I am no apologist for Colonel Gaddafi. He was a brutal, evil dictator who suppressed his own people, and my book chronicles the extraordinary human rights abuses that he implemented against his own people in Libya. Nobody here will shed a tear that Colonel Gaddafi is no longer running Libya or able to suppress his own people, but the reason I raise it is that we have to think about the mistakes we are making as a nation, whether that is in Iraq or Libya. Certainly in my time as a Member of Parliament, every time we have intervened in an Arab nation, rather than leaving it to the Arab League or the Arab people, and killed the dictator, what has ensued? Total chaos, total paralysis, internecine warfare, and brutality and killing that one could argue is of even greater consequence and destabilisation than what took place under the dictator. I very much hope that future generations of Members of Parliament will learn from our experiences and the mistakes we have made.

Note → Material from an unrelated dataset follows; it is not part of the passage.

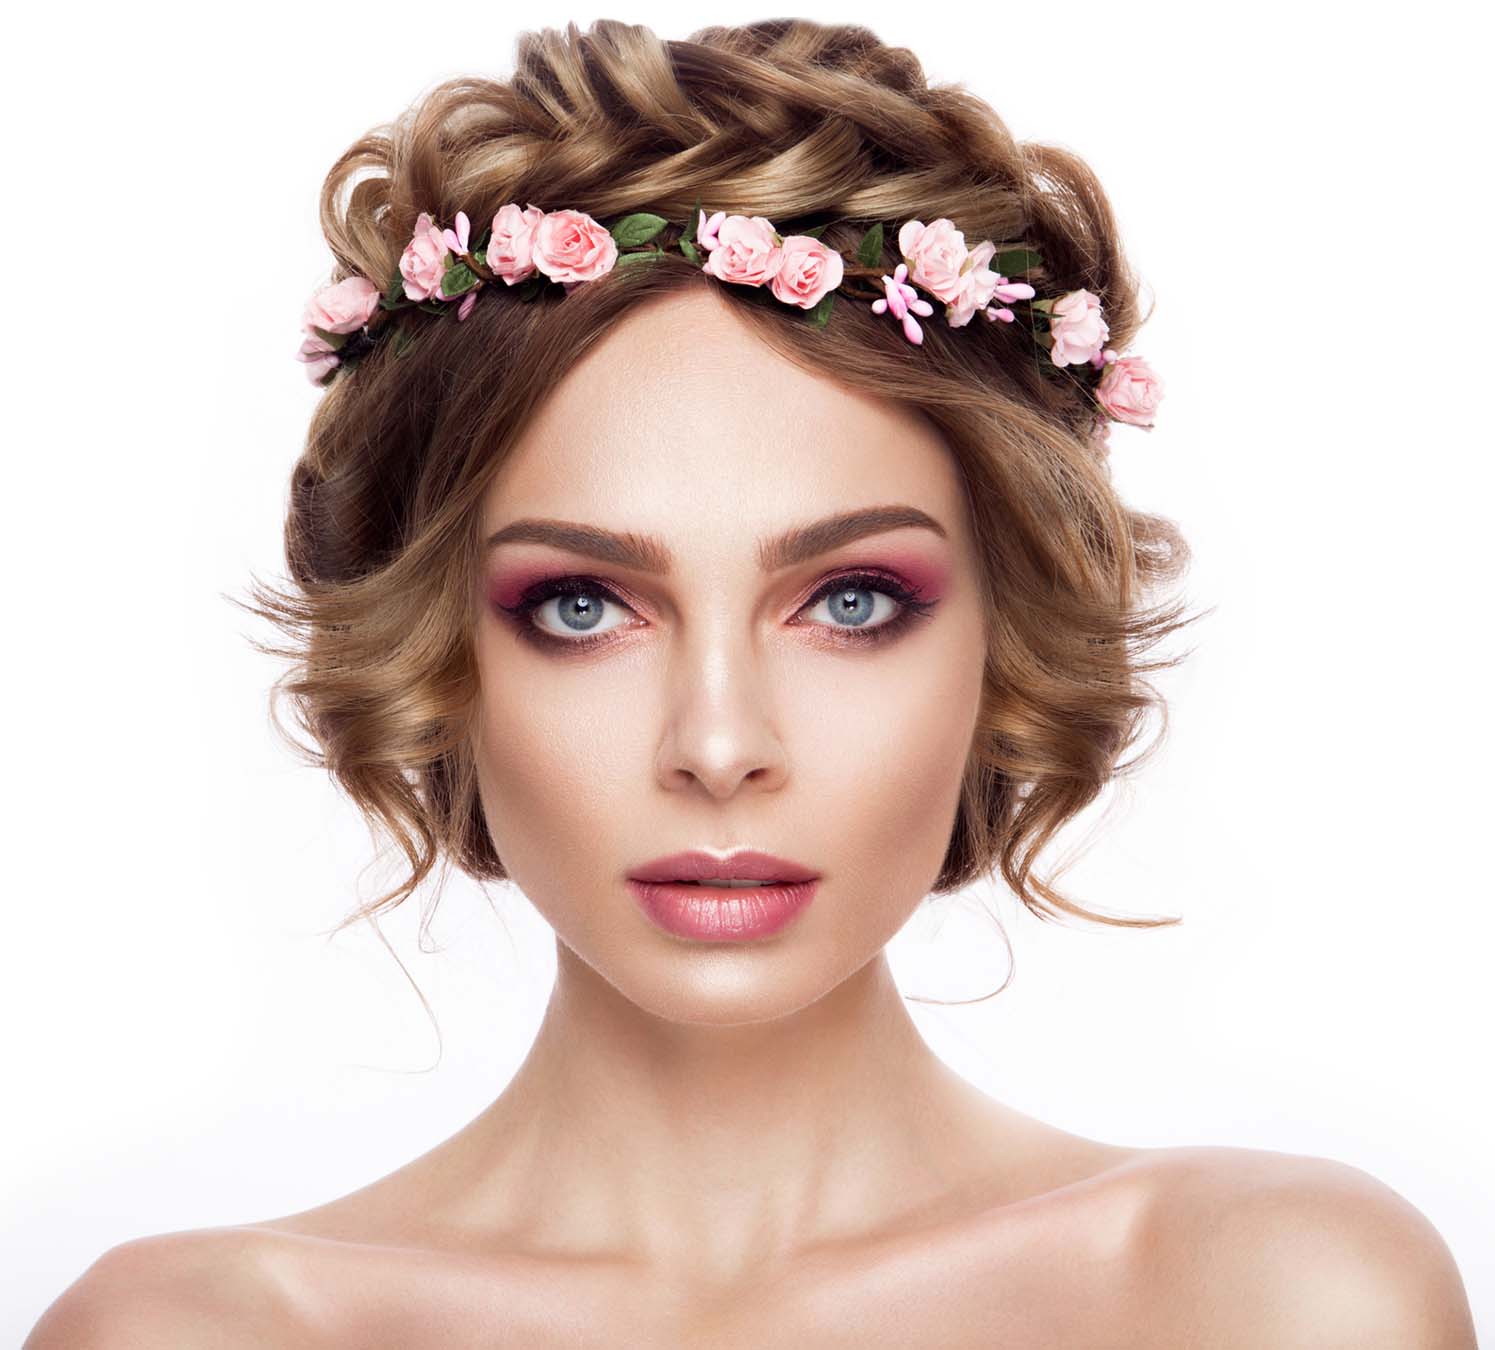 Fashion Beauty Model Girl with Flowers Hair. Bride. Perfect Creative Make up and Hair Style. Hairstyle.

When I was on the Foreign Affairs Committee in that brief Parliament from 2015 to 2017, there was an attempt to investigate Mr Cameron. There was an attempt at that stage to investigate how he had brought us to intervene in Libya, but in reality it got us nowhere and little was done.

I would like to put it on the record how deeply disappointing it is that so few Members of Parliament are here. There is not one Conservative Member in this Chamber apart from the Minister and the Parliamentary Private Secretary, my hon. Friend the Member for Truro and Falmouth (Cherilyn Mackrory). Bearing in mind our responsibility as a party and as a Government for the intervention in that country and the extraordinary misery that the Libyan people continue to experience as a result, that is a very bad show from my party.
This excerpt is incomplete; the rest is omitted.